Make sure the services are registered

test@kube-1:~/nfs/kube-ha/k8s-lab/nso-service$ kubectl get svc
NAME             TYPE        CLUSTER-IP      EXTERNAL-IP   PORT(S)             AGE
kubernetes       ClusterIP   10.96.0.1       <none>        443/TCP             6h
nso-svc          ClusterIP   None            <none>        8080/TCP            14s
nso-svc-master   ClusterIP   10.108.126.92   <none>        2024/TCP,8080/TCP   14s

It will also simplify if we export the IP address to NSO master

test@kube-1:~$ export NSO_IP=$(kubectl get service nso-svc-master | tail -n +2 | awk '{print $3}')
 
test@kube-1:~$ echo $NSO_IP
10.102.2.60

Test deployment of NSO

In our first test, we will deploy NSO with one master and two slaves, distributed on the three nodes.

To select a master between themselves, we're launching a leader elector container as a sidecar to NSO. The leader-elector exposes a HTTP API, where each pod can query for the master. This is done by a HTTP GET on URL http://localhost:4040. The call returns the hostname of the master.

Please go to the k8s-lab/test-deployment directory and look at nso.yml

apiVersion: apps/v1
kind: StatefulSet
metadata:
  name: nso
spec:
  selector:
    matchLabels:
      app: nso-app
  serviceName: nso-svc
  # Deploy three instances of NSO
  replicas: 3
  template:
    metadata:
      labels:
        app: nso-app
    spec:
      # Specify anti-affinity to make sure NSO nodes are not
      # scheduled on the same k8s node
      affinity:
        podAntiAffinity:
          requiredDuringSchedulingIgnoredDuringExecution:
            - labelSelector:
                matchExpressions:
                  - key: app
                    operator: In
                    values:
                      - nso-app
              topologyKey: "kubernetes.io/hostname"
      containers:
        - name: nso-master
          image: kube-1:5000/nso-k8s-lab
          # Probes for liveness and readiness
          livenessProbe:
            httpGet:
              path: /restconf/data/ncs-state
              port: 8080
              httpHeaders:
                - name: Authorization
                  # echo -n "admin:admin" | base64
                  value: Basic YWRtaW46YWRtaW4=
          readinessProbe:
            httpGet:
              path: /restconf/data/ncs-state
              port: 8080
              httpHeaders:
                - name: Authorization
                  # echo -n "admin:admin" | base64
                  value: Basic YWRtaW46YWRtaW4=
          ports:
          - containerPort: 2024
            name: ssh
          - containerPort: 8080
            name: webui
        # The leader elector side car. HTTP GET on http://localhost:4040
        # will return the leader
        - name: elector
          image: fredrikjanssonse/leader-elector:0.6
          args:
            - --election=nso-svc
            - --http=localhost:4040
          ports:
            - containerPort: 4040
              protocol: TCP

And to deploy the test

test@kube-1:~$ kubectl create -f nso.yml
statefulset.apps/nso created

NOTE: This might take a while since the NSO image have to be pulled from the registry to each of the k8s nodes.

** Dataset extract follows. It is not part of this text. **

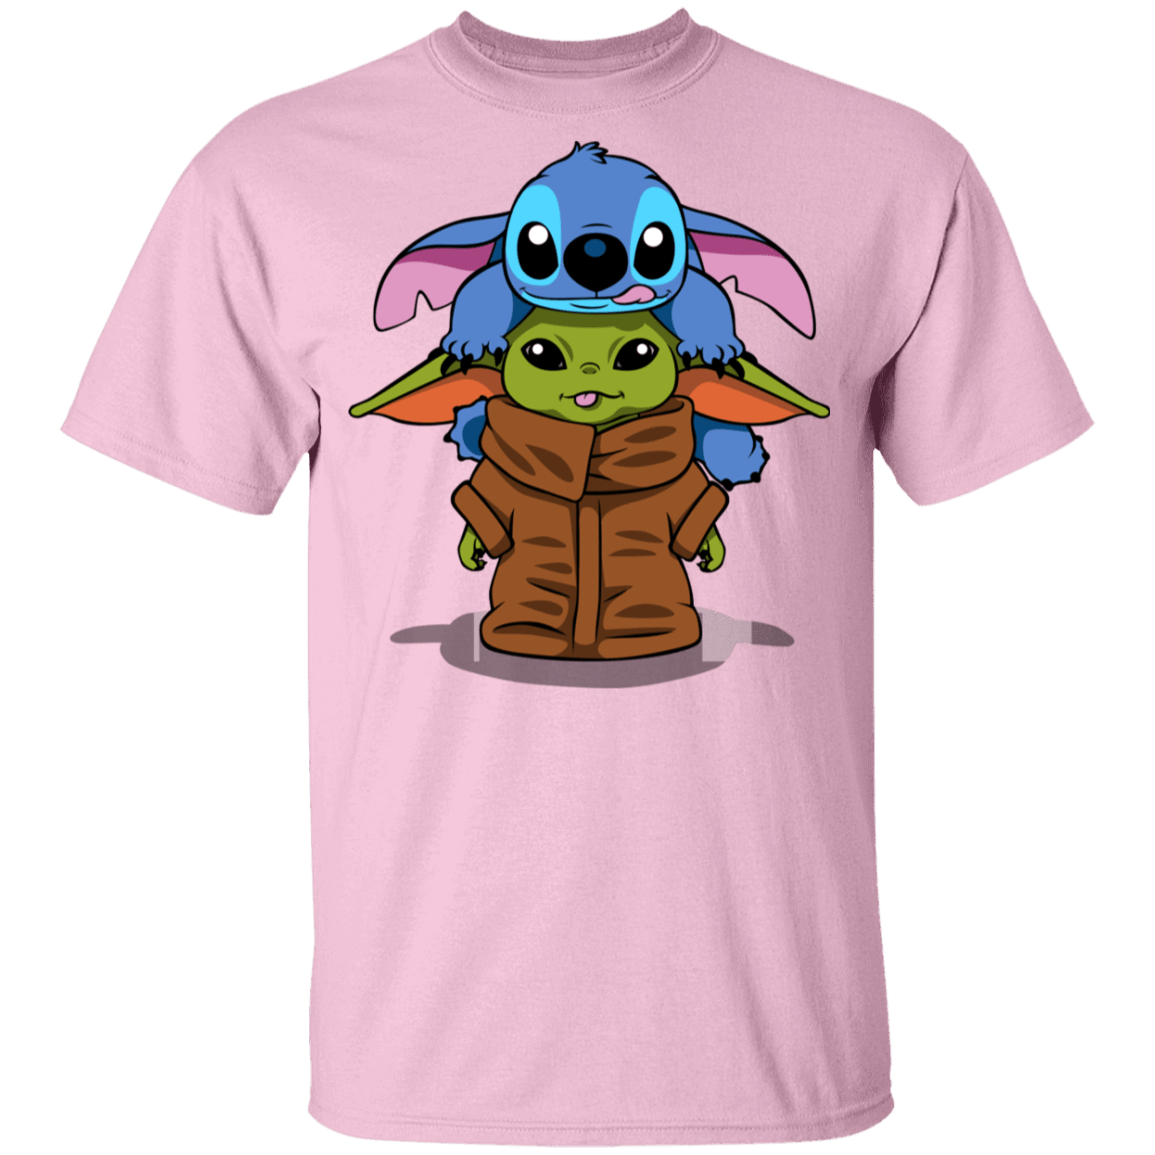 T-Shirts Light Pink / YXS Stitch Yoda Youth T-Shirt

To continuously check status you can watch the pods.

NOTE: the nodes on which each NSO pod is scheduled on may vary on your system.

test@kube-1:~$ watch kubectl get pod -o=wide
NAME      READY     STATUS    RESTARTS   AGE       IP           NODE      NOMINATED NODE
nso-0     2/2       Running   0          2m        10.244.2.2   kube-3    <none>
nso-1     2/2       Running   0          1m        10.244.1.2   kube-2    <none>
nso-2     2/2       Running   0          1m        10.244.0.4   kube-1    <none>

After a while you should see the pods deployed, one on each node.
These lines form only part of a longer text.